*** Opening of Data section ***

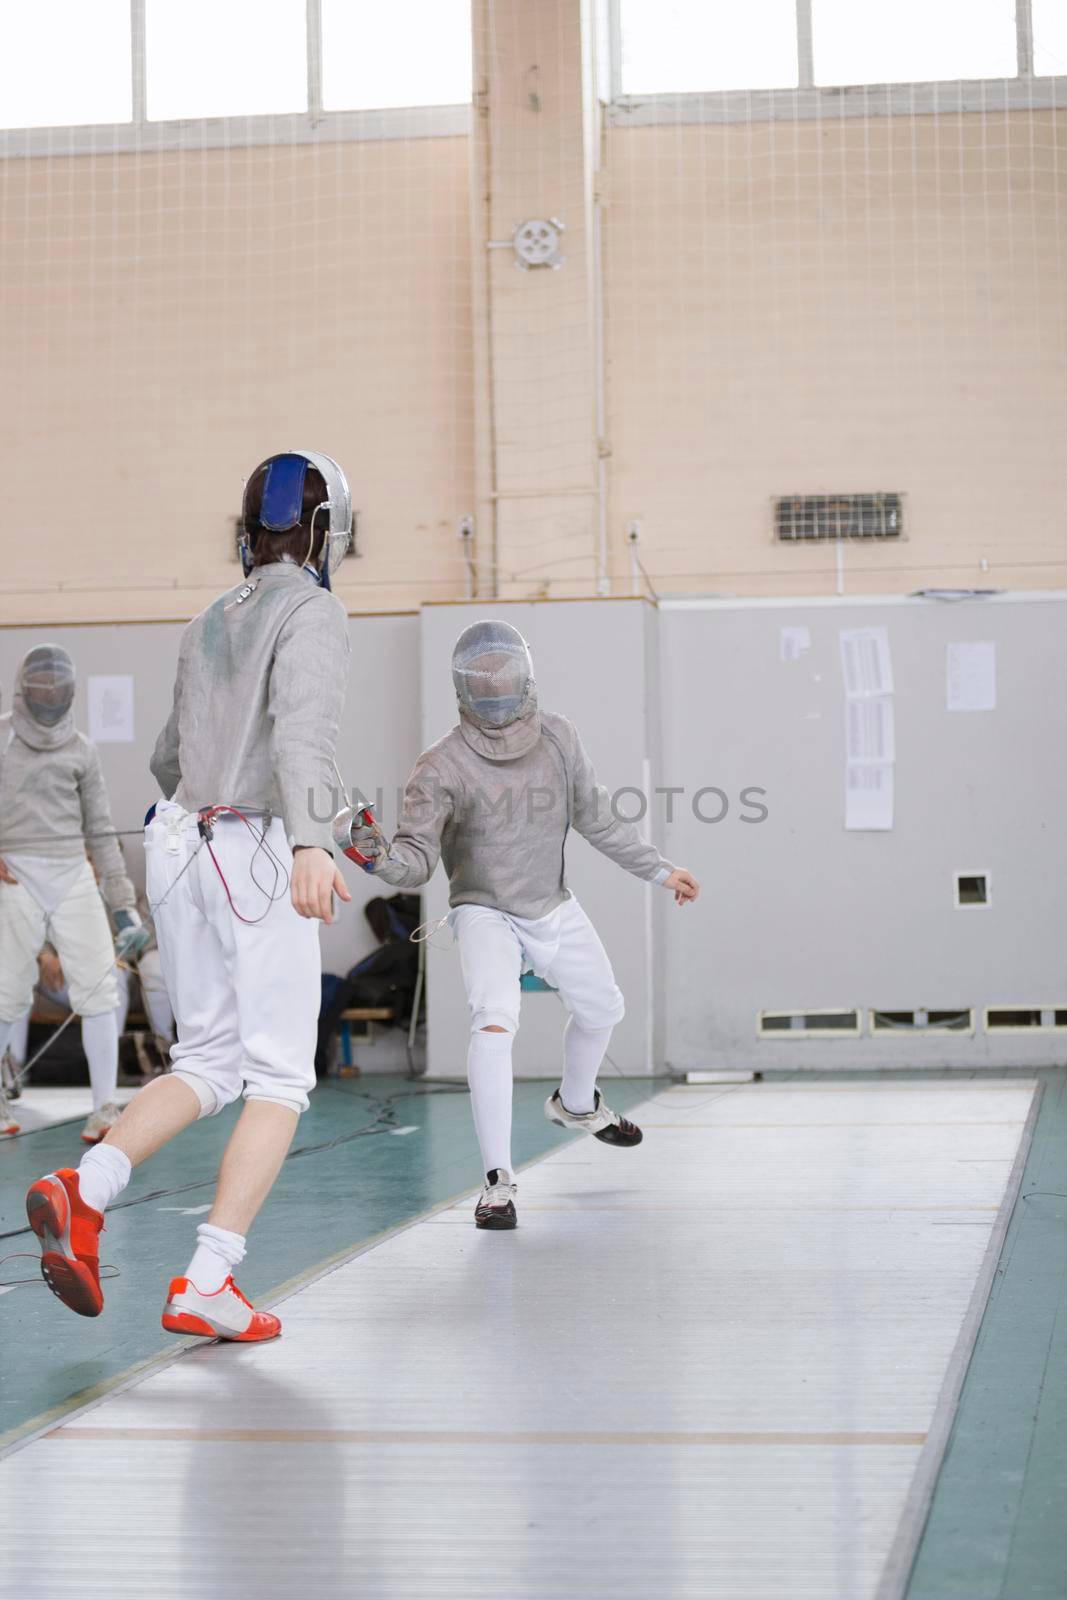 Young participants of the fencing tournament fighting in protective white clothes by Studia72
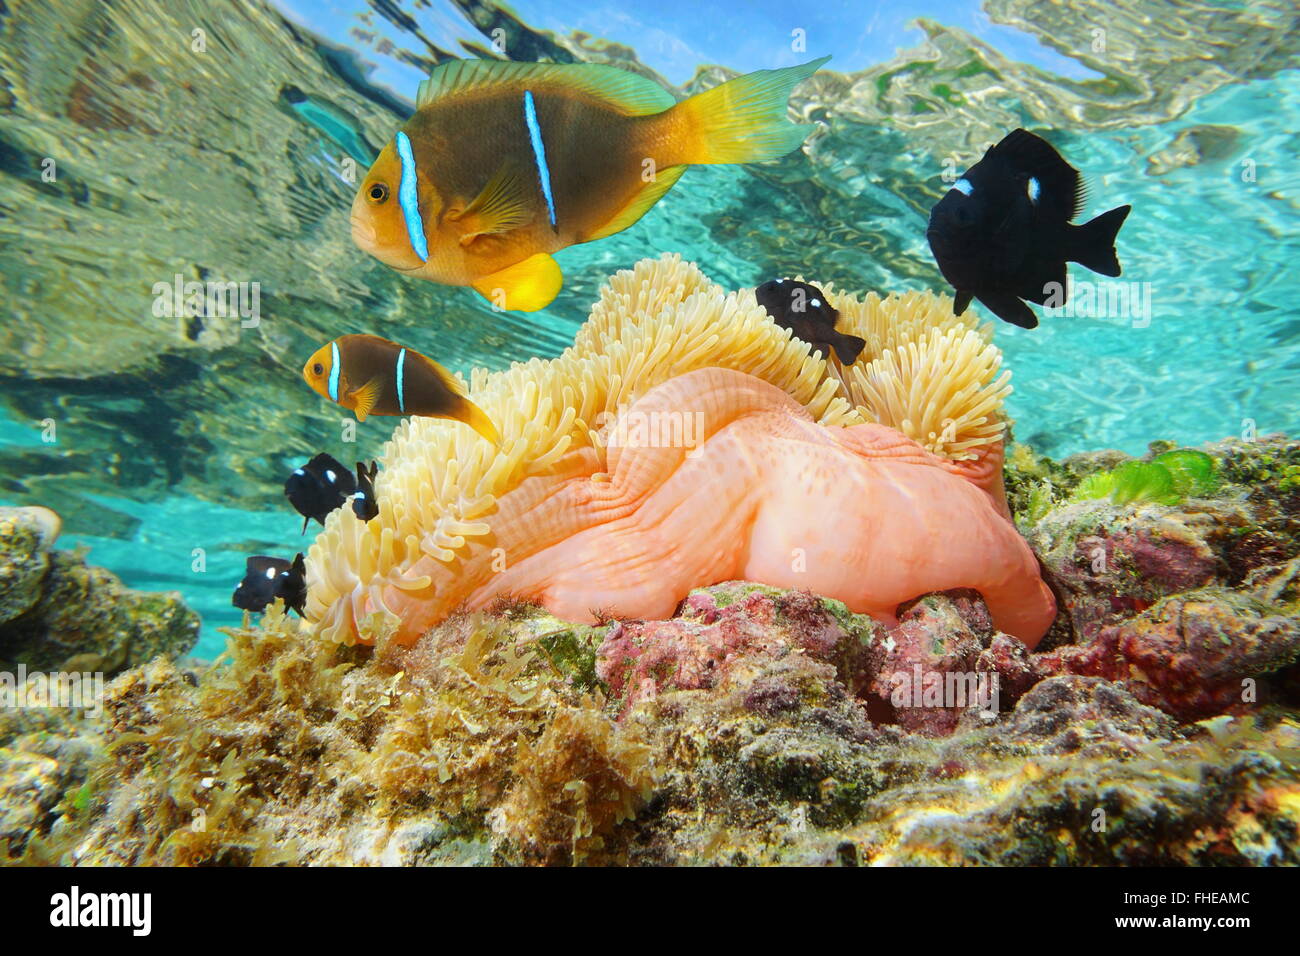 Magnificent sea anemone with fish orange-fin anemonefish and three-spot dascyllus, Huahine, Pacific ocean, French Polynesia Stock Photo
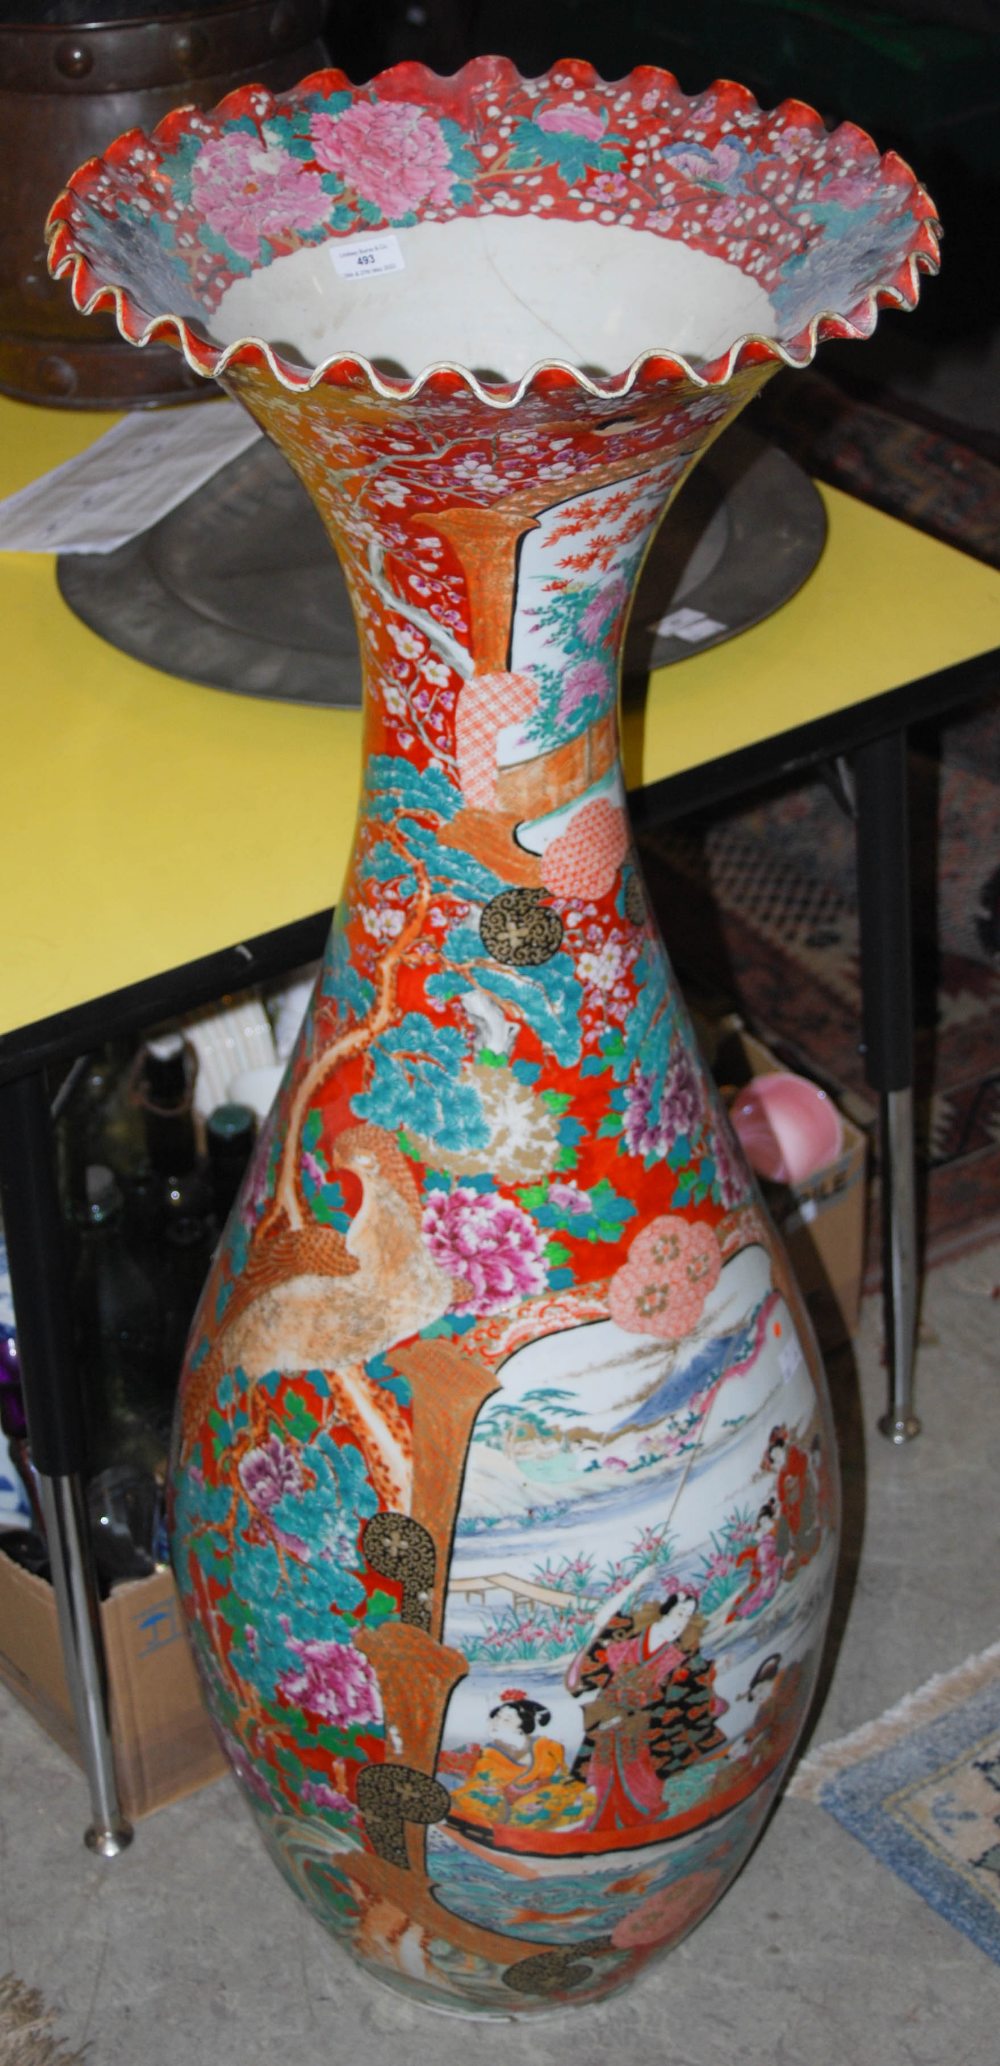 A VERY LARGE LATE 19TH / EARLY 20TH CENTURY JAPANESE PORCELAIN FLOOR VASE, BOTTLE SHAPED WITH

*** Close of Data section ***

- _Task to complete_
Please give all of the data again, exact and free of pictures.

- _Completed task_
 Young participants of the fencing tournament fighting in protective white clothes by Studia72
 Magnificent sea anemone with fish orange-fin anemonefish and three-spot dascyllus, Huahine, Pacific ocean, French Polynesia Stock Photo
 A VERY LARGE LATE 19TH / EARLY 20TH CENTURY JAPANESE PORCELAIN FLOOR VASE, BOTTLE SHAPED WITH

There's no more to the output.